It's the bitter-lesson to feature-engineering lifecycle.
When a technique or technology is new people are making massive gains by just applying it to some use case, or gathering more data for training, or giving it more resources.
As time goes on those "bitter lesson" gains start to hit the shallow part of the logistic curve and companies have to start investing more and more effort into engineering for each small, incremental gain.
Why didn't this author compare Llama 3 with GLM 5.2 (released 1 week ago) which is a more standard attention based LLM? To compare 2 separate families of LLMs and then pointing out that they are different is not a surprising result and detracts from the point the author is trying to make.

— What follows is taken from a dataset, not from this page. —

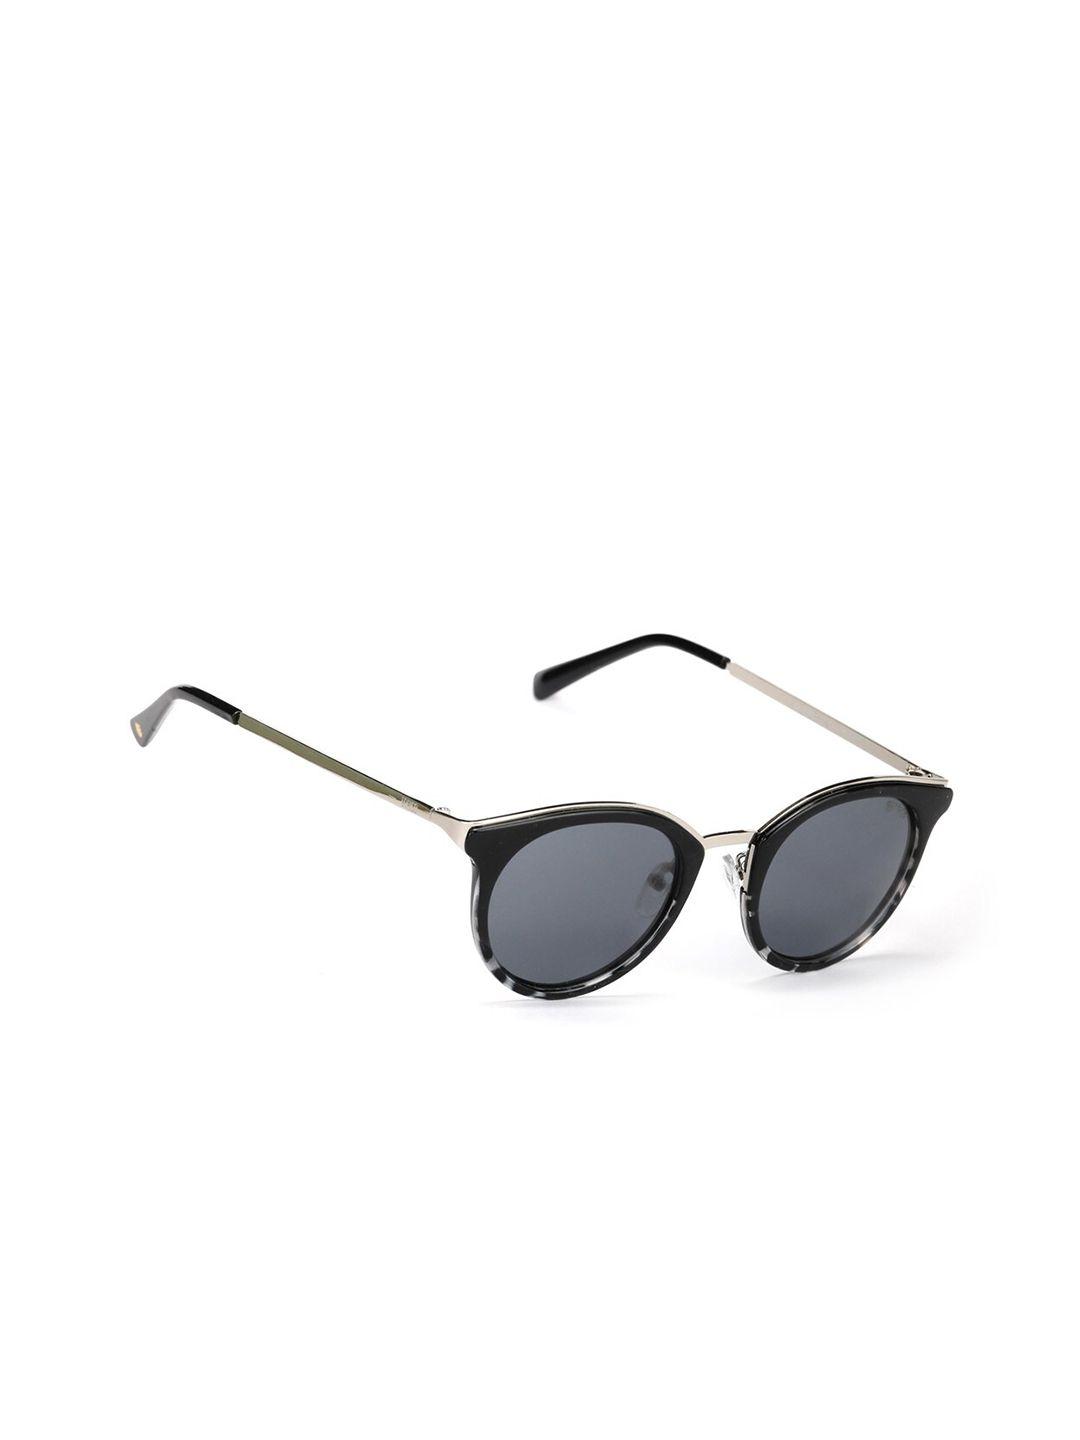 enrico women blue lens & black aviator sunglasses - en e 3017 c1-blue

If you look at it, the diagrams are very similar, but the main differences are that the feedforward is replaced with a MoE (router to multiple feedforwards) and the model has a different attention implementation.
The author is correct, the model architecture is now much more complicated. You can see this if you use llama.cpp and follow the project. The earlier models were always fully implemented. Yet with more contributors, as of today tons of latest models only have partial implementation. DeepSeekv3.2 isn't fully implemented, same with KimiK2.6, GLM5.2+, DeepSeekv4 has no implementation, MiniMaxM3 not supported yet, Hy3-preview no implementation. The latest models are just bare bones to run with lots of support missing for the advanced features.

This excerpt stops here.